Adapun serangkaian kebijakan yang telah dilakukan oleh pemerintah China dalam mendukung industri pergulaannya antara lain Pambudy, et al. 2005 :
1. Menerapkan sistem tanggung jawab produksi keluarga di wilayah pedesaan
yang membangkitkan antusiasme para petani tebu untuk meningkatkan produksi.
2. Memberikan insentif berupa pangan kepada petani tebu untuk menjamin
kecukupan pangan dan menjaga agar tetap menanam tebu. 3.

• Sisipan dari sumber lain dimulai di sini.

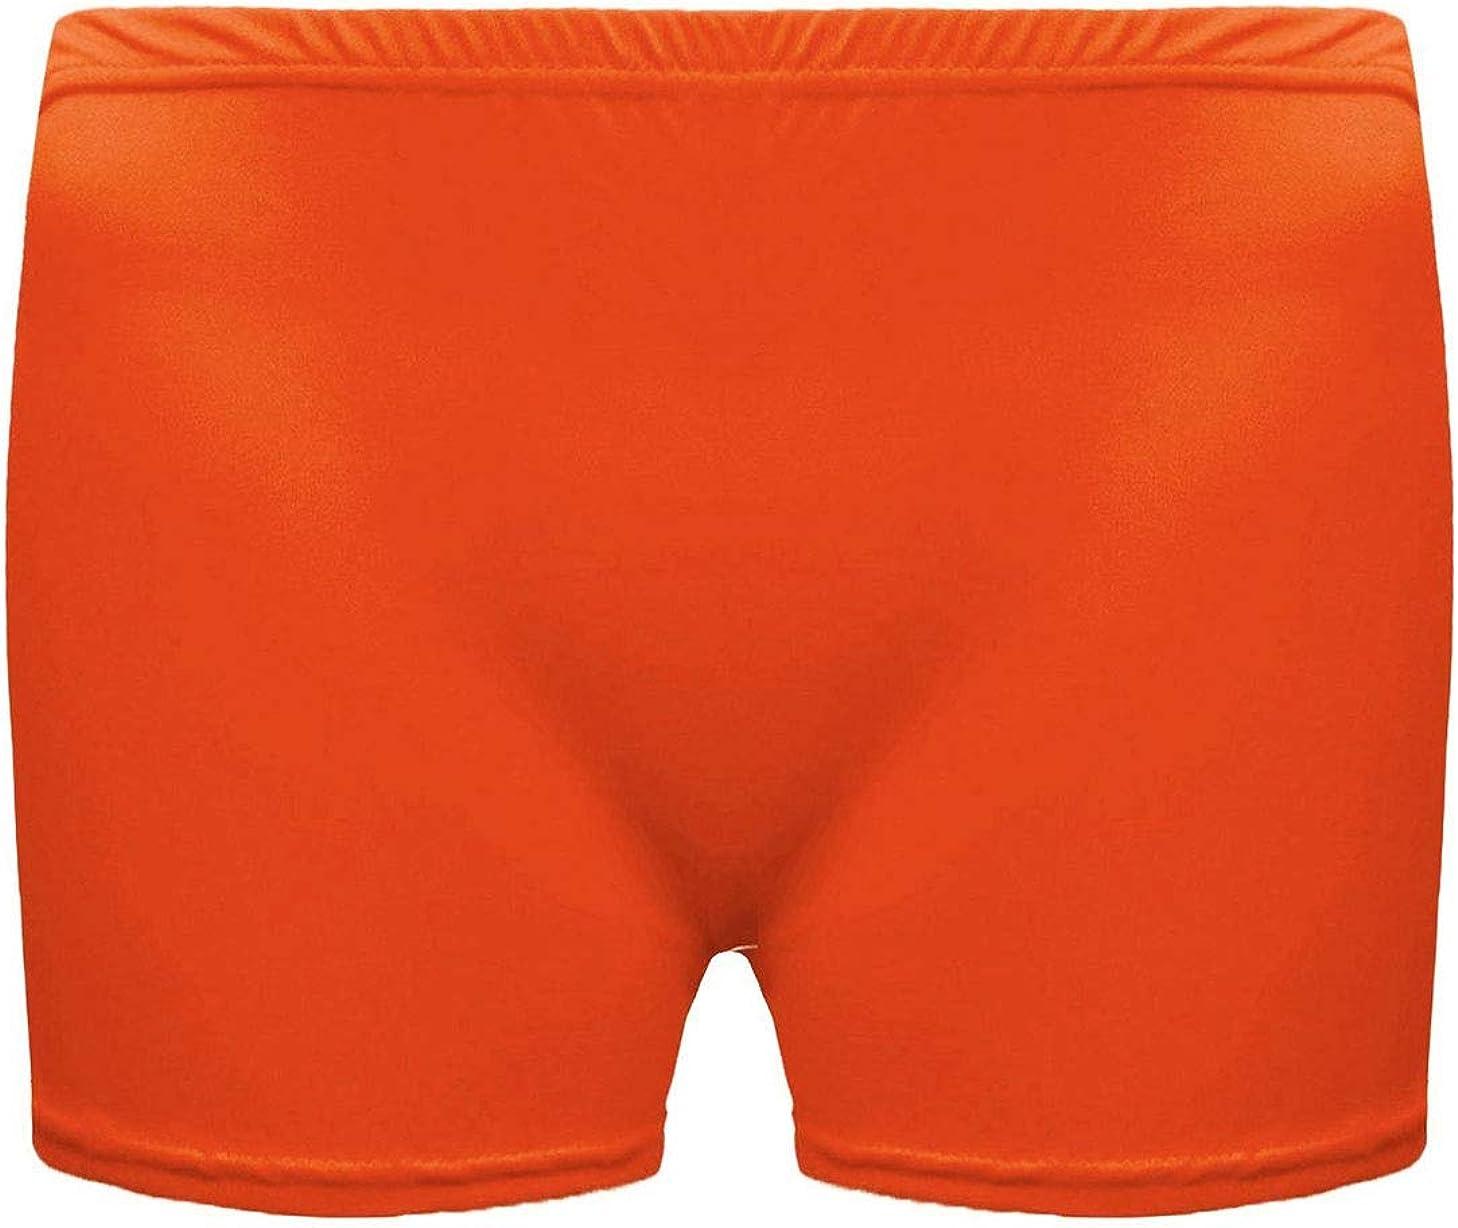 21Fashion Womens Ladies Gymnastics Gym Lycra Cotton Dance Shorts Childrens Girls Stretch Neon Hot Pants

Memberikan subsidi berupa pembangunan irigasi pada lahan-lahan yang ditanami tebu dan pembukaan lahan kering dataran tinggi untuk dijadikan
lahan tebu. 4.
Melepaskan seluruh kendali pembelian dan kontrak penjualan gula pada mekanisme pasar.
5. Menerapkan pajak pendapatan yang cukup tinggi terhadap pabrik gula
sebesar 33 persen dan PPN sebesar 17 persen. 6.

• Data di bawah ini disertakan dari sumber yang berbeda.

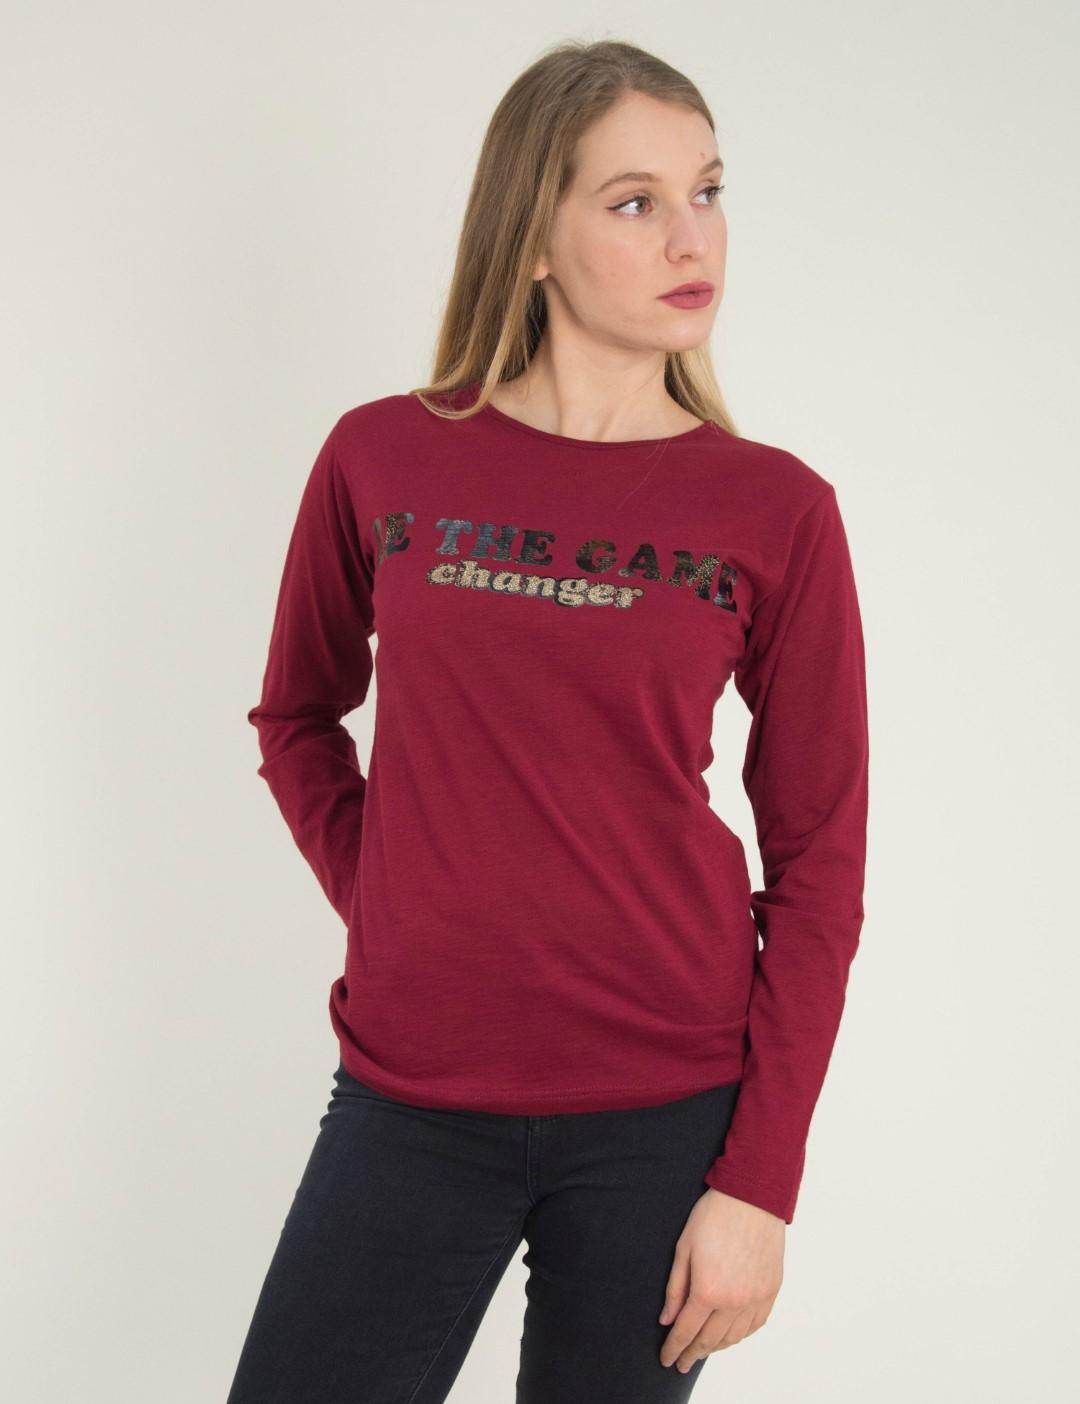 2132565bec90 Γυναικεία μπορντό μακρυμάνικη μπλούζα τύπωμα 1175954C

Menerapkan kebijakan proteksi dengan menerapkan kuota impor pada tahun 2003 sebesar 1.85 juta ton, dan tahun 2004 sebesar 1.94 juta ton dengan tarif
sebesar 30 persen untuk gula putih dan 20 persen untuk gula mentah. Impor diatas kuota yang telah ditetapkan dikenakan tarif impor sebesar 76 persen.
Pemerintah China juga tengah menerapkan konsep pembangunan keberlanjutan untuk industri gula. Li, et al. 2006 menjelaskan konsep
pembangunan berkelanjutan industri gula China dilakukan sedemikian rupa sehingga produksi berada dalam kondisi yang seimbang dengan untuk input
sumberdaya yang terbarukan seperti energi. Dorongan ini dilakukan dengan menekankan pada pengurangan dampak negatif lingkungan yang signifikan terkait
dengan produksi gula di China dan seluruh dunia. Sebagai bagian dari tujuan jangka panjangnya, pemerintah China juga akan melakukan penekanan pada
pemanfaatan produk hilir yang selama ini hanya dikenal sebagai limbah. Sehingga, arah industri gula di China akan melalui proses produksi yang dikenal
dengan 3P atau “Planting-Processing-Production Cycle”.